- _How to complete this task_: What you give back must match the data exactly, minus the pictures.

-------- Given data --------

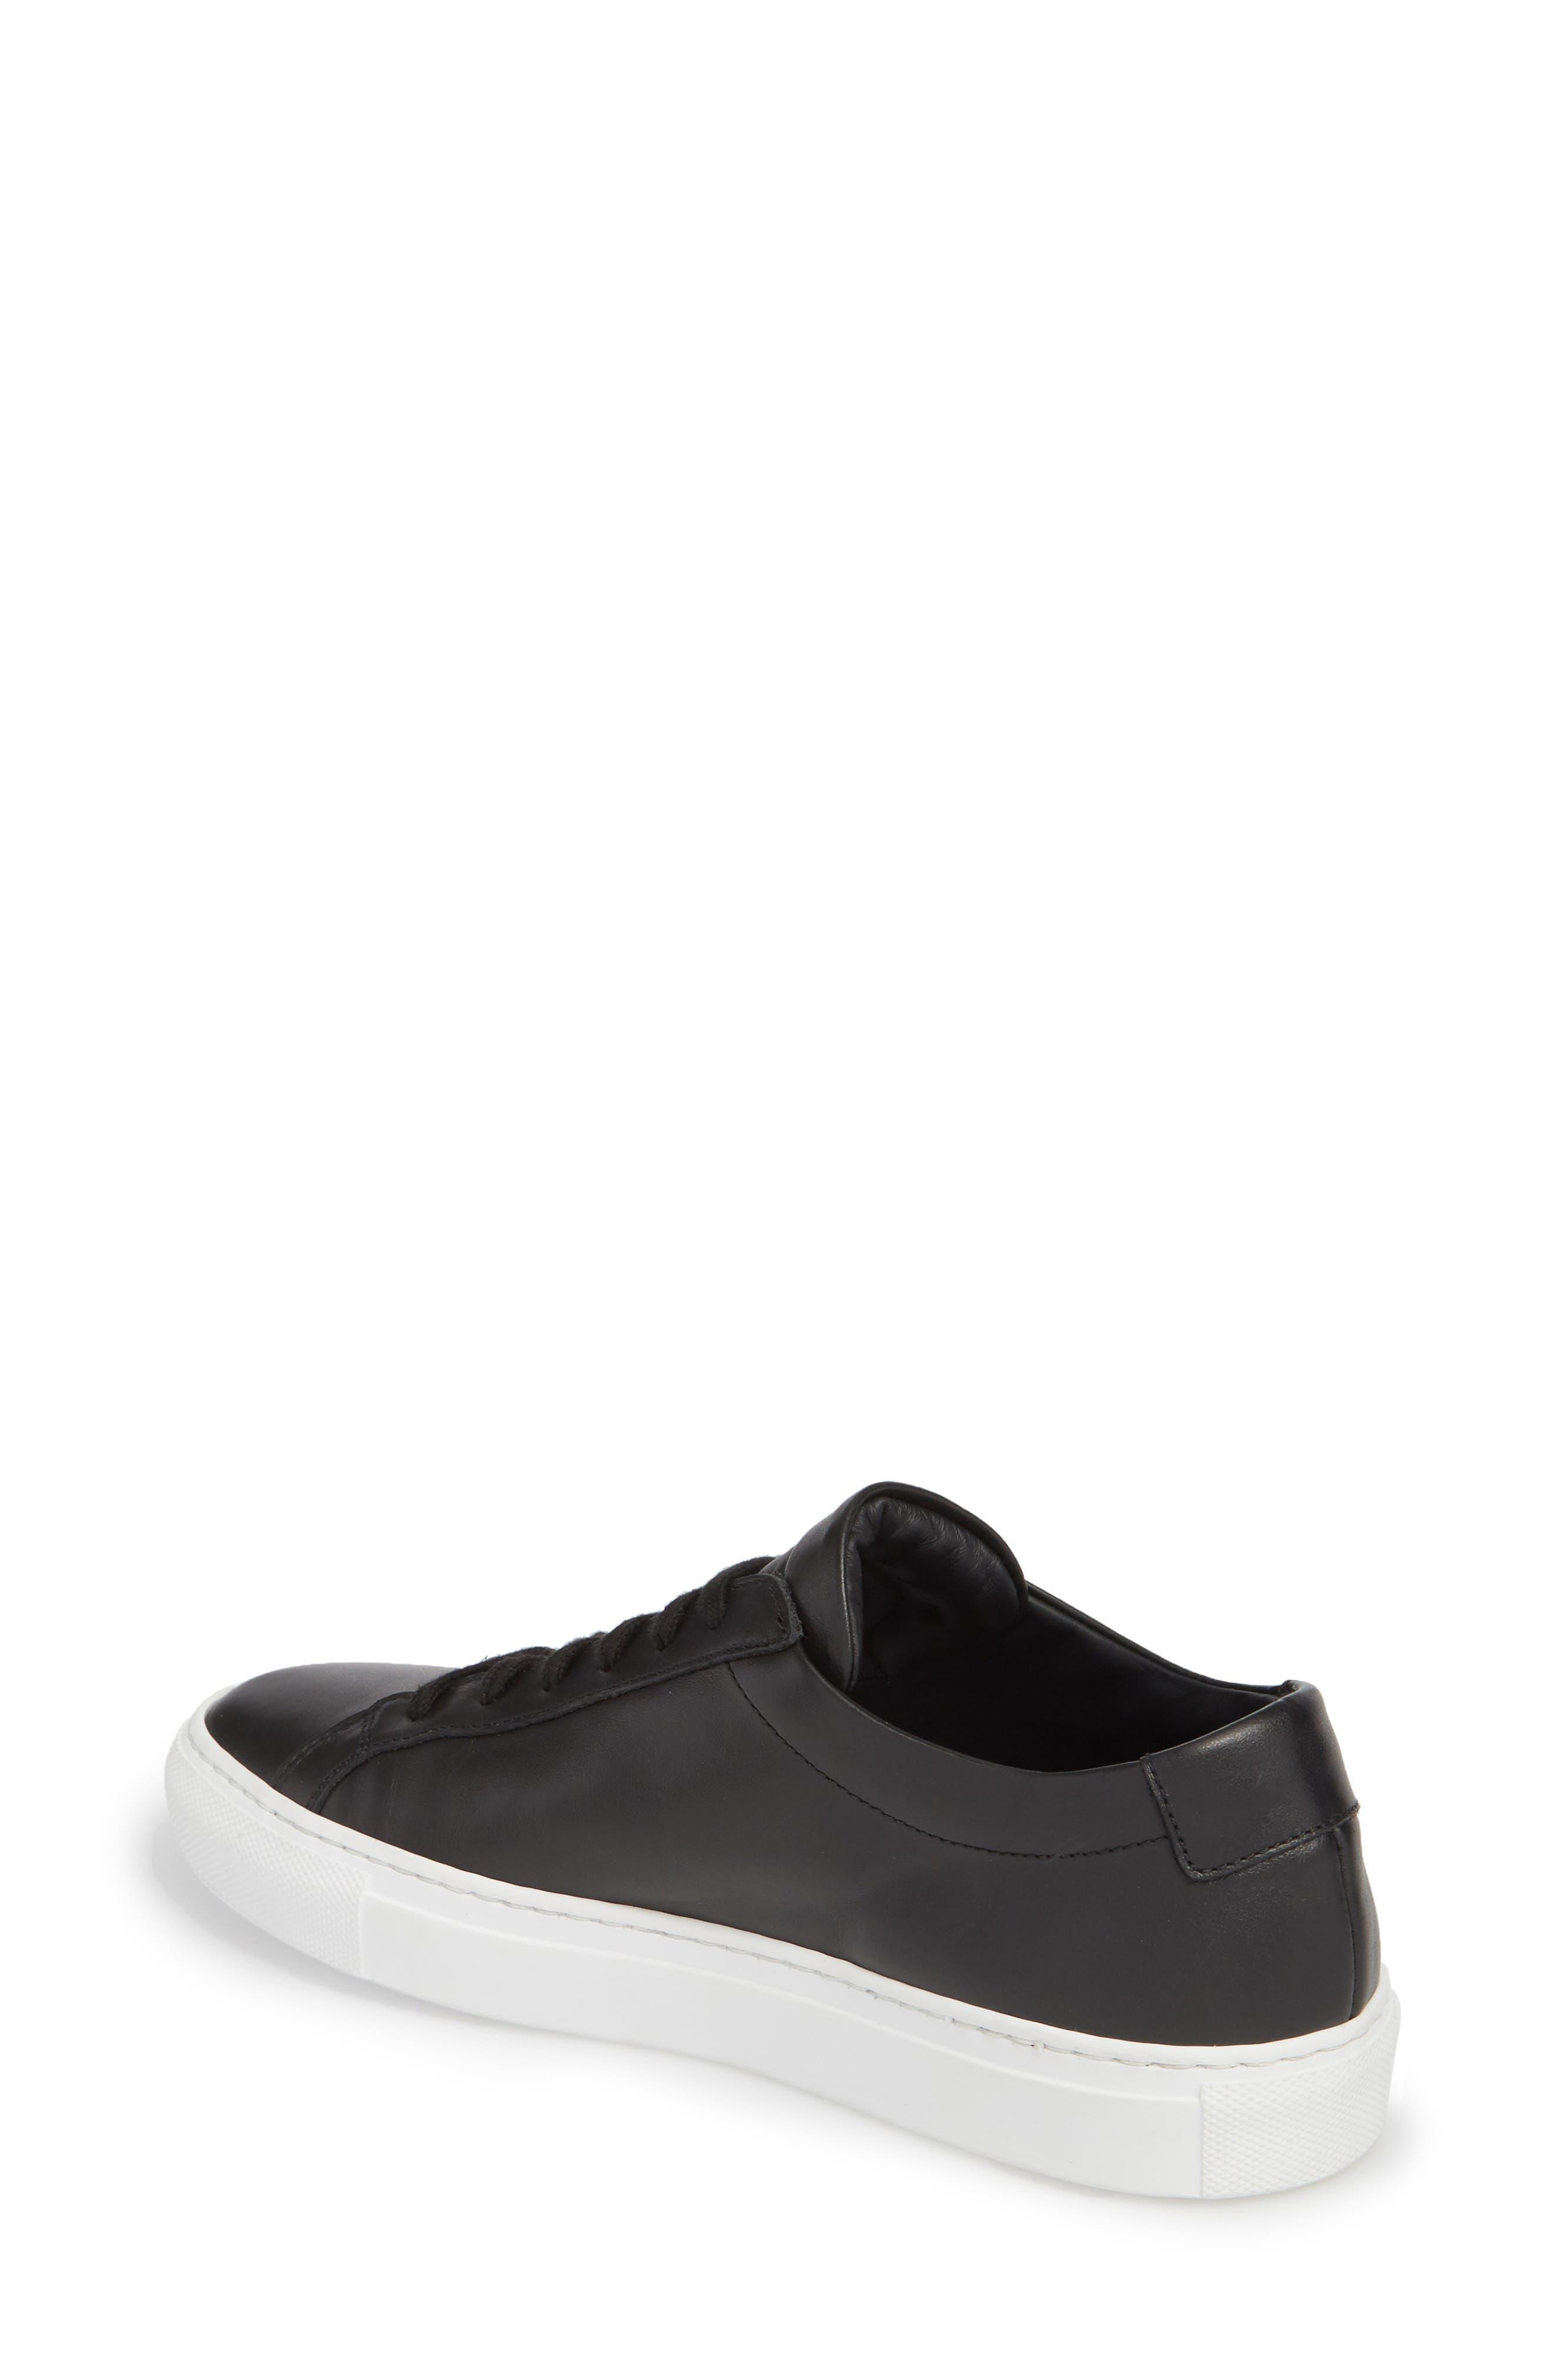 COMMON PROJECTS, Original Achilles Low Sneaker, Alternate thumbnail 2, color, BLACK
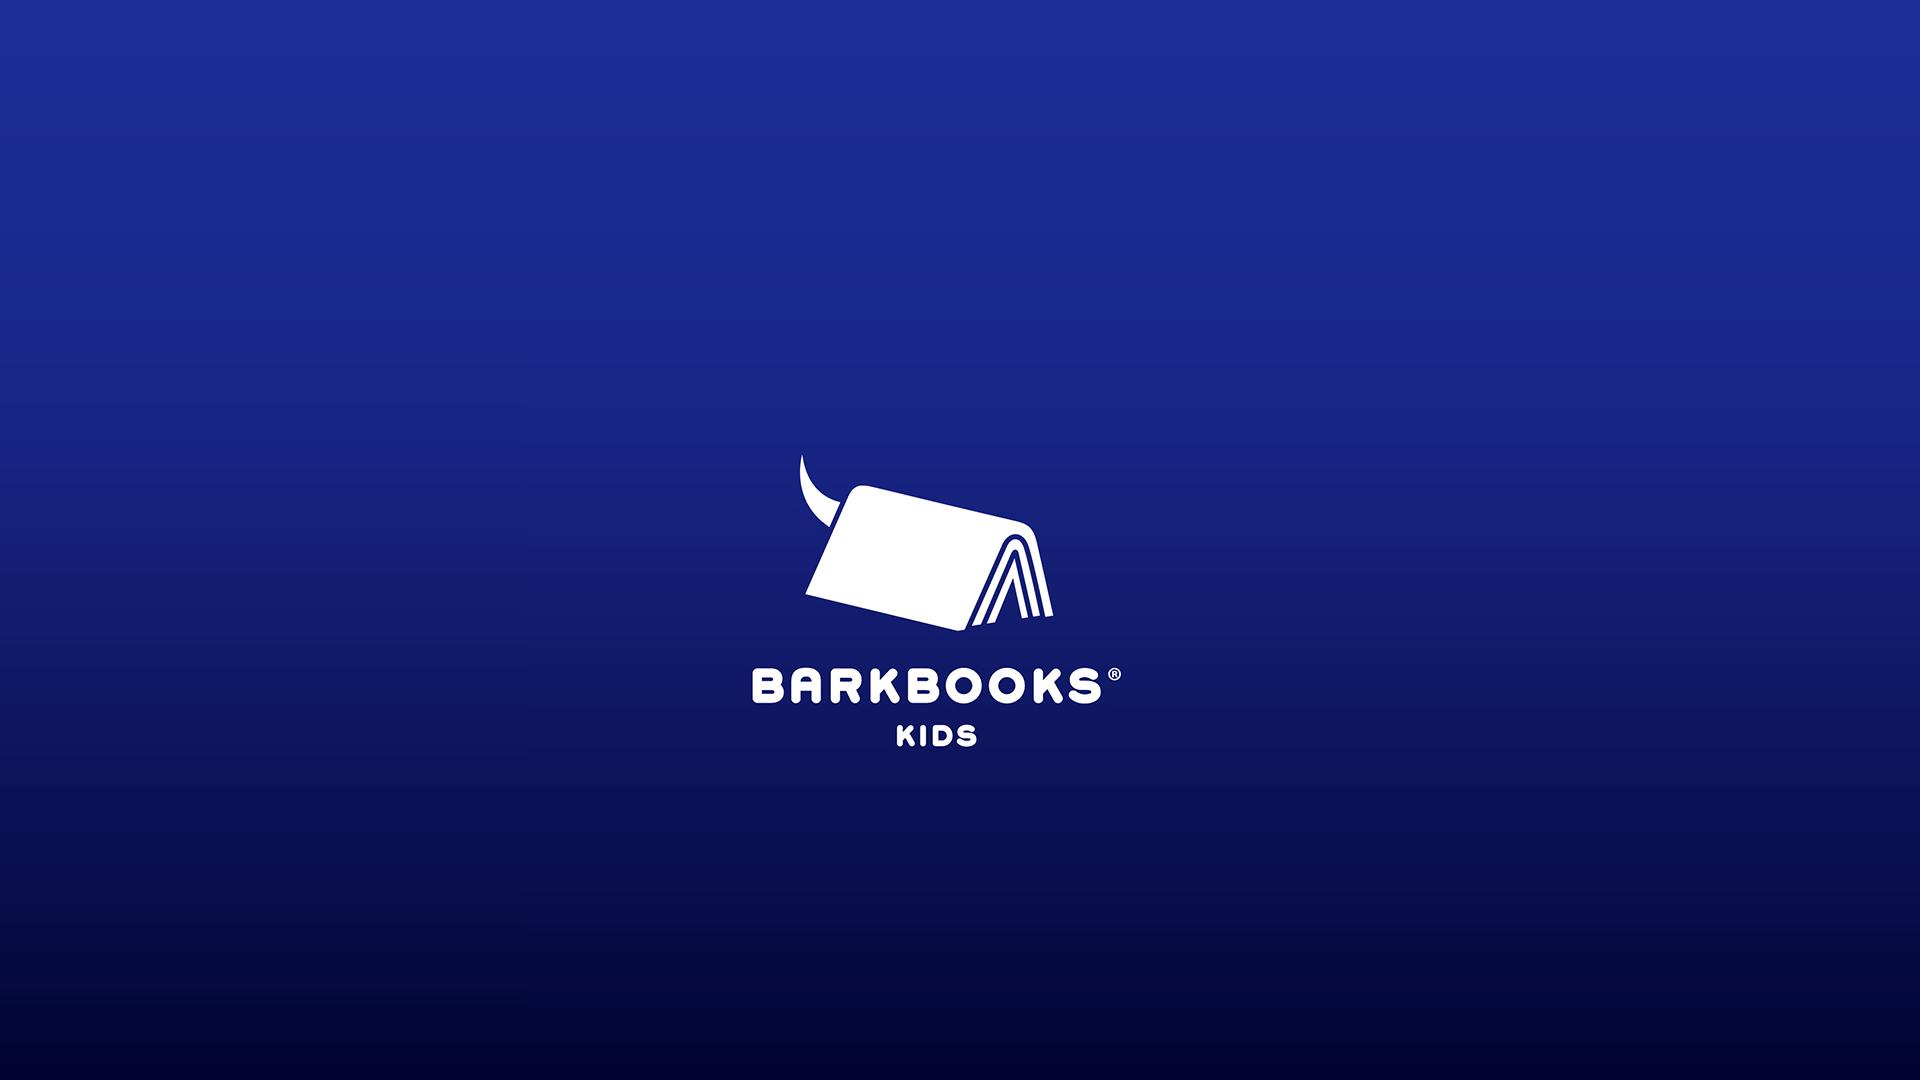 designpark_barkbooks_kids_logo
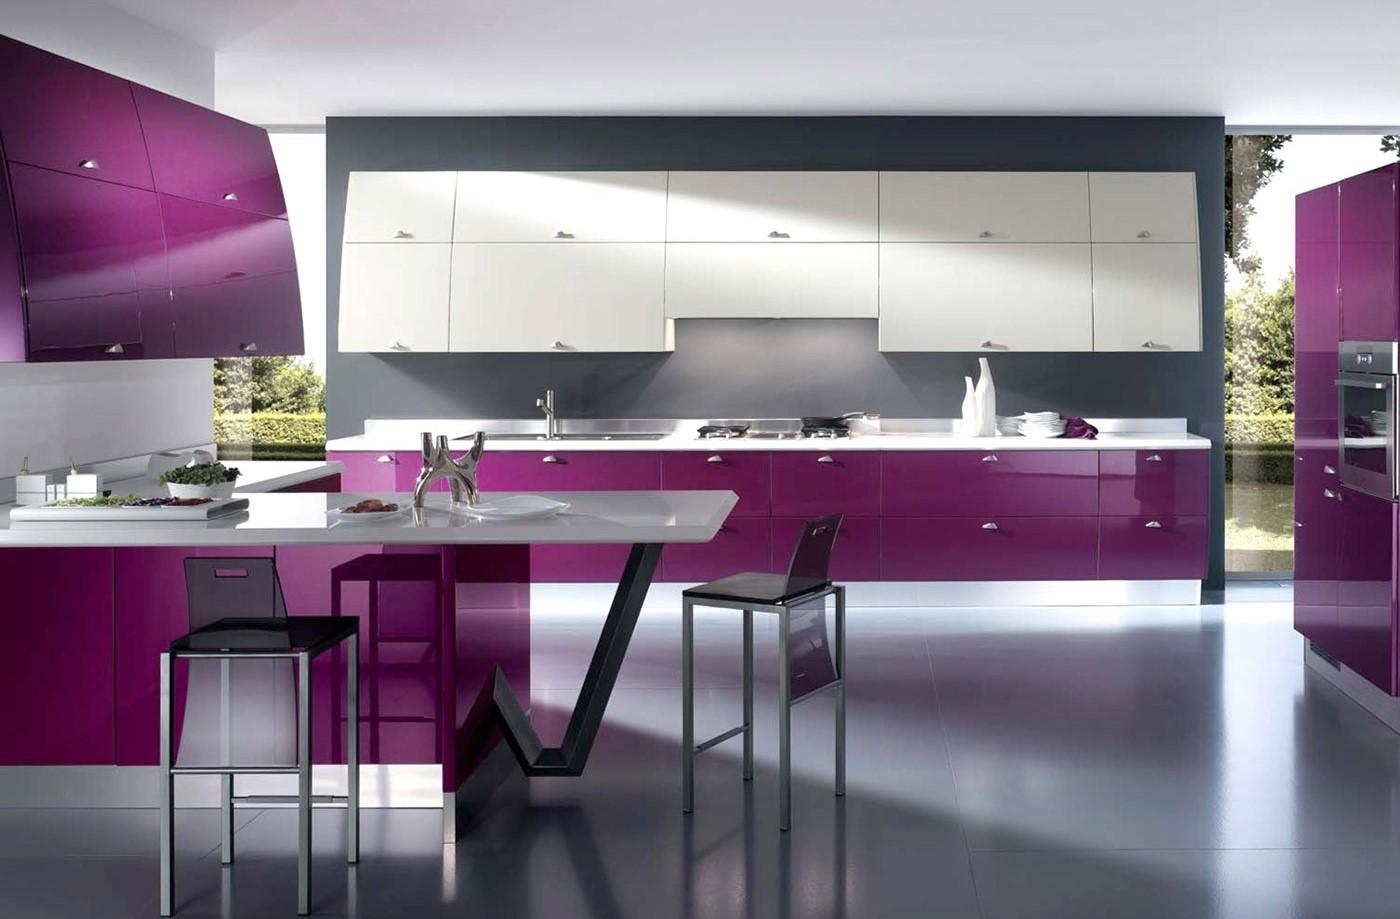 кухонные гарнитуры сиреневого цвета фото при помощи рисования

--------

- _Output_:
 COMMON PROJECTS, Original Achilles Low Sneaker, Alternate thumbnail 2, color, BLACK
 designpark_barkbooks_kids_logo
 кухонные гарнитуры сиреневого цвета фото при помощи рисования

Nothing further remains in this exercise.